The Telegraph’s Rupert Christiansen summed up the sentiments. ‘Terfel’s Demon Barber …continues to command the role with a laconic intensity which makes Todd’s monomania all the more mesmerising …singing with steely restraint and a welcome lack of rasp or rant he plays a Byronic wanderer with a tormented inner life. An even bigger pleasure is provided by Emma Thompson…she makes a terrific Mrs Lovett, hitting just the right balance between endearing naiveté and ruthless amorality, as well as singing meticulously.”

As you can imagine having such stellar cast members attracts a lot of interest as the large numbers of fans gathering at the stage door testified. I decided to wander around to the front and try my luck and struct the jackpot. Emma, Bryn,Lonny and the cast were heading up St Martin’s Lane for a well-deserved supper. With some trepidation, I interrupted their progress with my graph request.
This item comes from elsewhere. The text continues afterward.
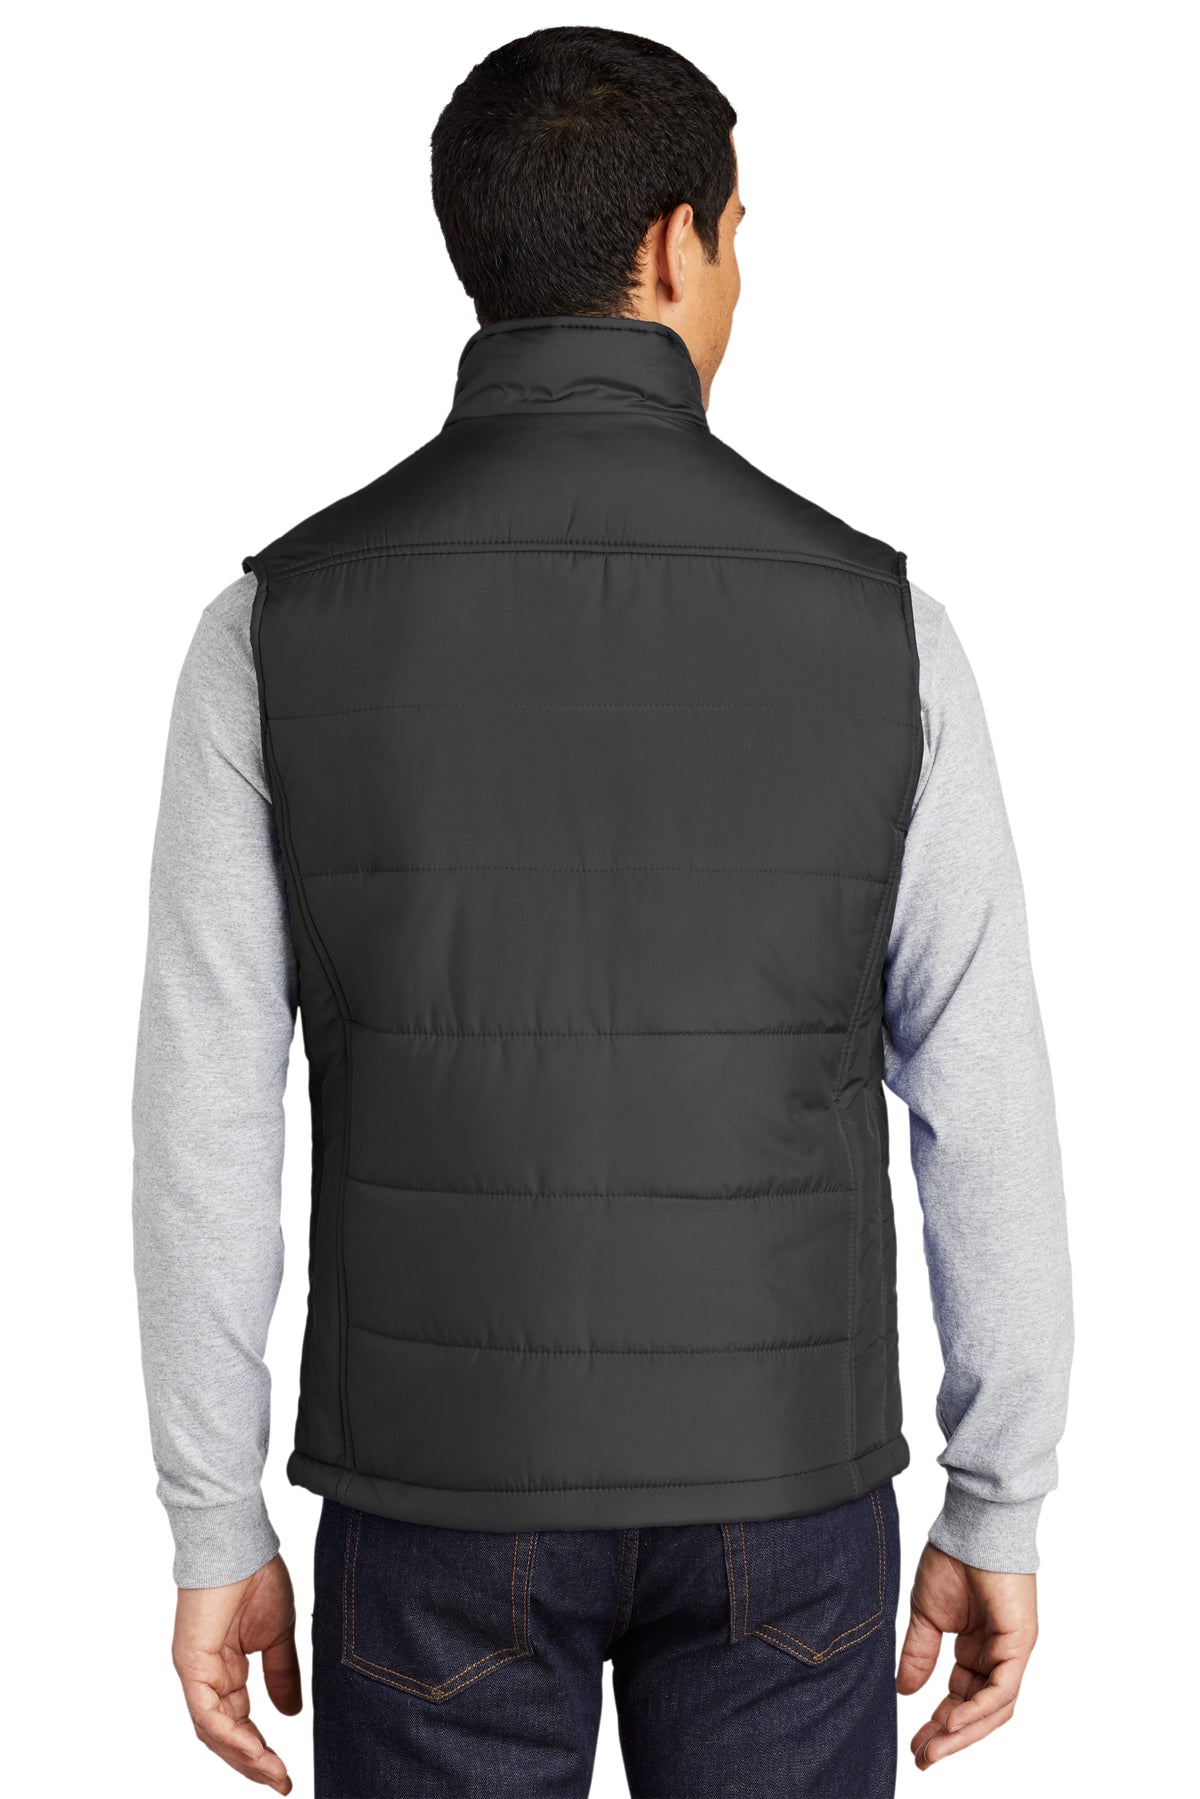 Port Authority Puffy Customized Vests, Black/Black

Playing two of the nastiest stage characters had not tarnished  their ‘nicest people in show business ‘ tag and they happily signed.

Drawing: Emma Thompson as Mrs Lovett in Sweeney Todd

emma thompson sweeney

Emma Thompson returned to musical theatre after a 30 year break to make her New York stage debut in Sweeney Todd: The Demon Barber of Fleet Street to critical acclaim alongside Bryn Terfel as the serial-killing shaver. She last appeared on the boards in London in 1989 in Look Back in Anger. With her then husband Kenneth Branagh and in the musical Me and My Girl with Robert Lindsay in 1985.

For five performances she played Mrs Lovett, London’s worst pie maker in the concert production of the Sondheim’s classic, seminal musical at the Avery Fisher Hall at the Lincoln Centre for the Performing Arts in the Big Apple. Backed by the New York Philharmonic Emma wowed the critics last month, one saying she, “not only held her own against more experienced vocalists, but wound up running off with the show”.

I quickly drew this minimal line drawing when I found out she would be attending the Empire Awards at the end of March, where she was nominated for Saving Mr Banks. Like the trooper she is, Emma signed for everyone, including my sketch, “Oh Sweeney,” she smiled, “I hope you win,” I said. “So do I,” she replied – and she did.

Drawing: Bryn Terfel in Sweeney Todd

Sweeney Todd NY

Legendary Welsh bass-baritone Bryn Terfel was born Bryn Terfel Jones, but there was already another Welsh baritone named Bryn Jones, so chose Bryn Terfel as his professional moniker. Well, that’s sorted and he signed that name on my sketch of him as the title character in the concert performance of Sweeney Todd, The Demon Barber of Fleet Street. Sonheim’s musical thriller was staged at the Avery Fisher Theater, Lincoln Centre in New York last month (March 2014) with Emma Thompson returning to musical theatre as Mrs Lovett.

Bryn signed the drawing at the Royal Opera House stage door before his final performance as Mephistopheles in David McVicar’s Faust.

Drawing: Imelda Staunton and Michael Ball in Sweeney Todd

Staunton+Ball001

Imelda Staunton and Michael Ball won every major award in the acclaimed revival of Stephen Sondheim’s Sweeney Todd at London’s Adelphi Theatre, including the Olivier for Best Actress and Actor in a musical respectively. They signed this sketch at the theatre for me in May 2012.